Джойс | страница 23
Джеймс умерил суровость нрава незадолго до конца семестра, убедив Станислауса прогулять денек занятий. Братья планировали совершить экспедицию по линии берега до самой Пиджн-хауз, городской электростанции Дублина. По пути, вспоминает Станислаус, он встретили явного педофила-гомосексуалиста, которого Джеймс позже вставит в рассказ «Встреча». Так его окликал опасный, постыдный мир взрослых, куда ему самому вот-вот предстояло вступить. Ни учителя, ни родители пока не вызывали у него таких ощущений.

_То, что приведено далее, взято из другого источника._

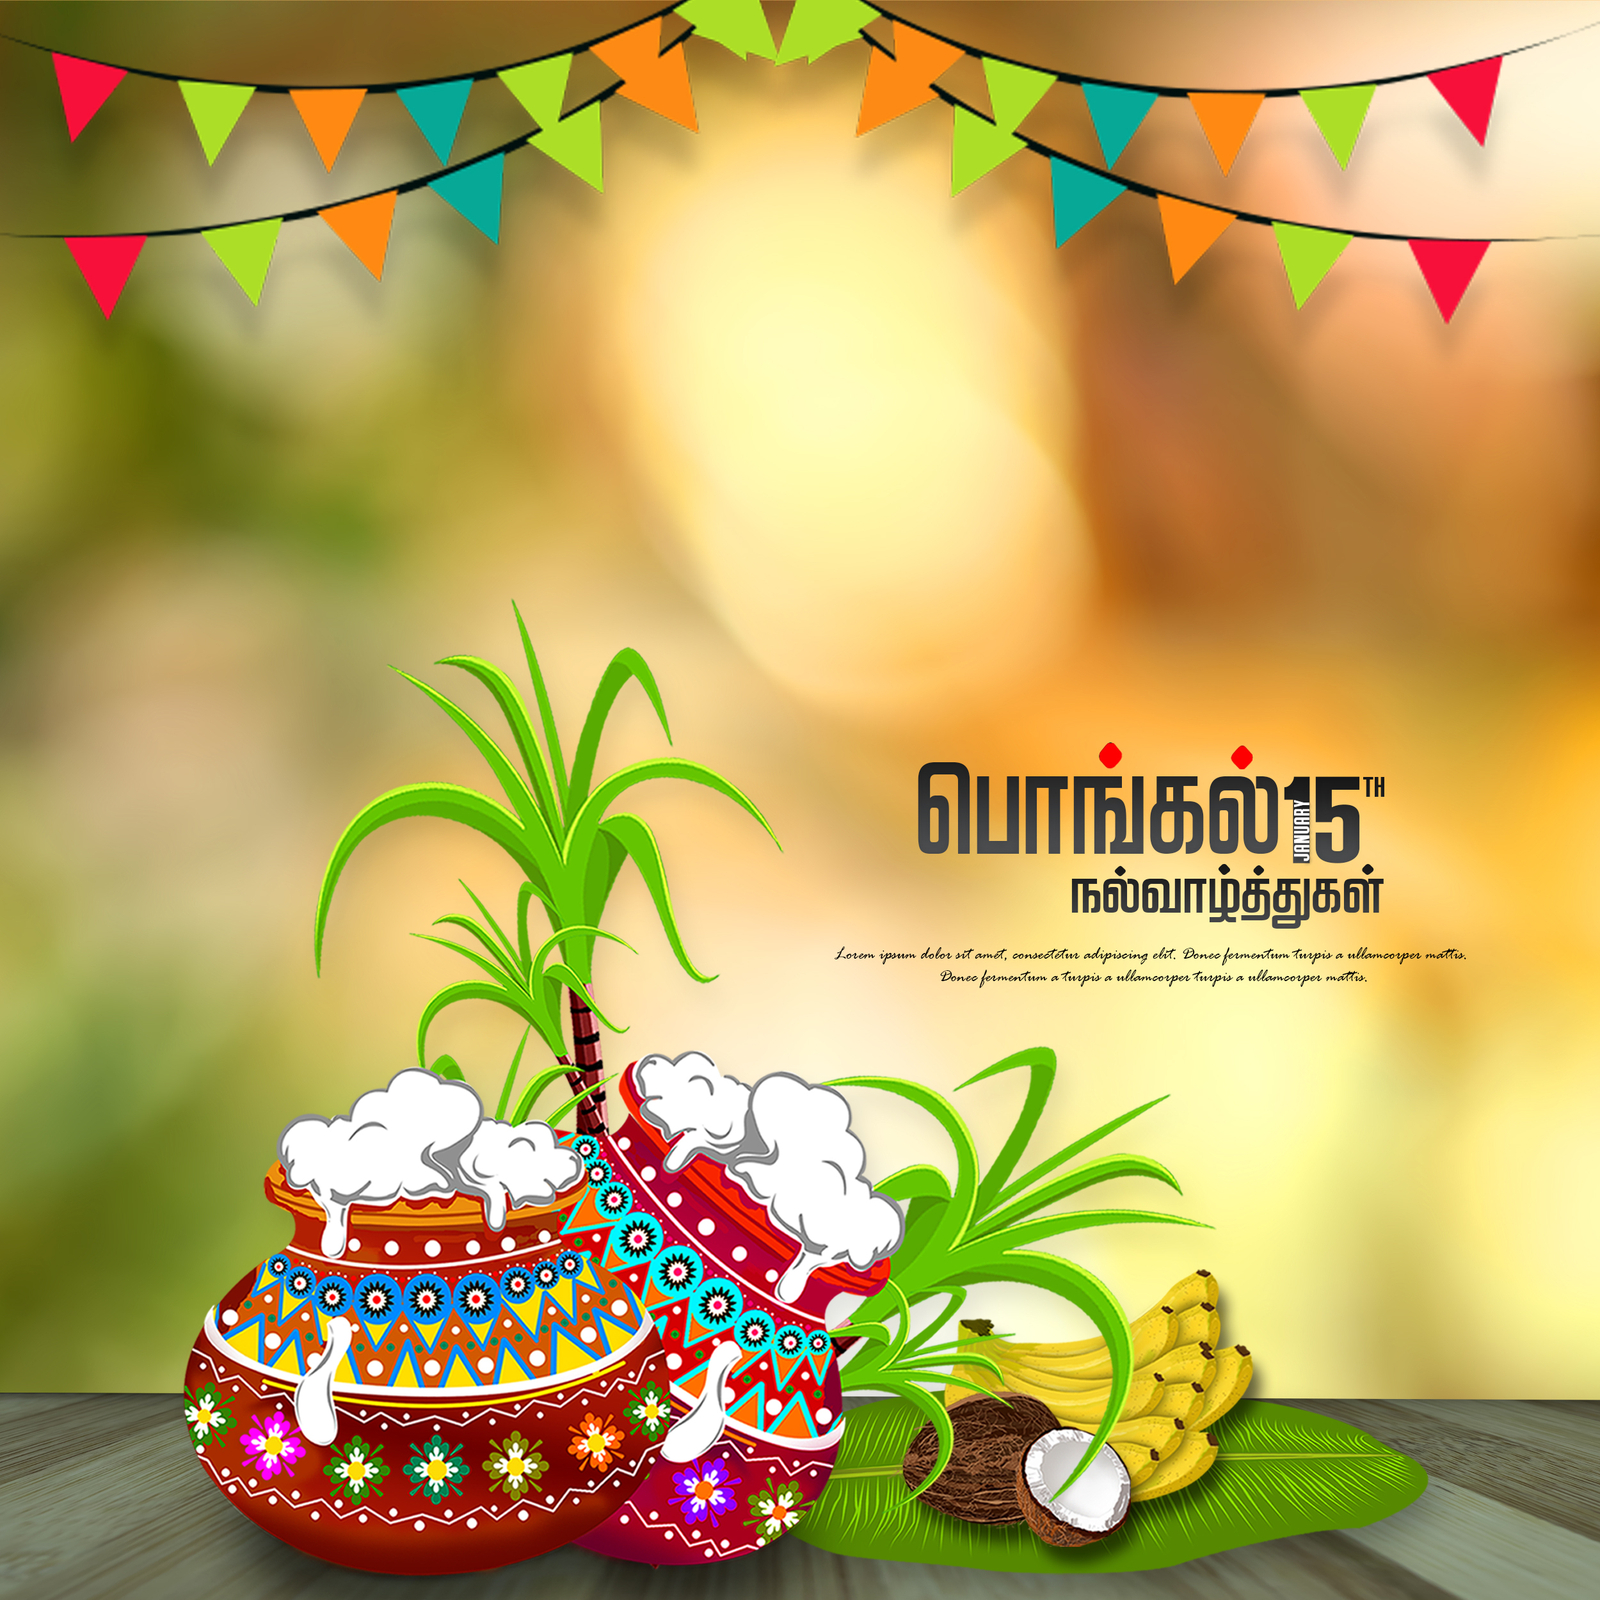 PONGAL WISHES 2024 IN TAMIL | பொங்கல் வாழ்த்துக்கள் 2024

Джойс движется к тому моменту, который он позже сочтет сосредоточением физического и психического развития мужчины — когда мальчик превращается в подростка. Несколько месяцев он оставался еще мальчишкой, но словно втайне сопротивлялся этому. Поведение его было безупречным, в декабре 1895 года он удостоился приглашения во влиятельное братство Благословенной Девы Марии и в следующем году был избран его префектом или главой. Между этими двумя событиями Джеймс, как он признался много позже Станислаусу, начал сексуальную жизнь. Ему шел четырнадцатый год. «Портрет…» описывает его падение как драматически внезапное, но это вряд ли было так. Все тот же Станислаус упоминает о напряженном флирте с юной служанкой. Джеймс то и дело затевал с ней что-то вроде игры в догонялки и звучные пятнашки по нетипичным для этой игры местам, пока развлечение не было замечено и осуждено отцами-иезуитами. Затем последовал эпизод посерьезнее. Возвращаясь из театра, Джойс шел вдоль набережной канала и повстречал проститутку. Отчаянный, любопытный, жадный до любого способа показать себя, он и тут пошел на эксперимент. Результат укрепил его представление о сексуальном акте как о вещи постыдной — представление, впоследствии подавленное, но никогда не отброшенное. Вернувшись домой, Джойс нашел там отца и Бергана, весело обсуждавших пьесу, на которой они тоже побывали. Он постарался скрыть свои ощущения, чтобы не попасться на язык двум беспощадным острякам.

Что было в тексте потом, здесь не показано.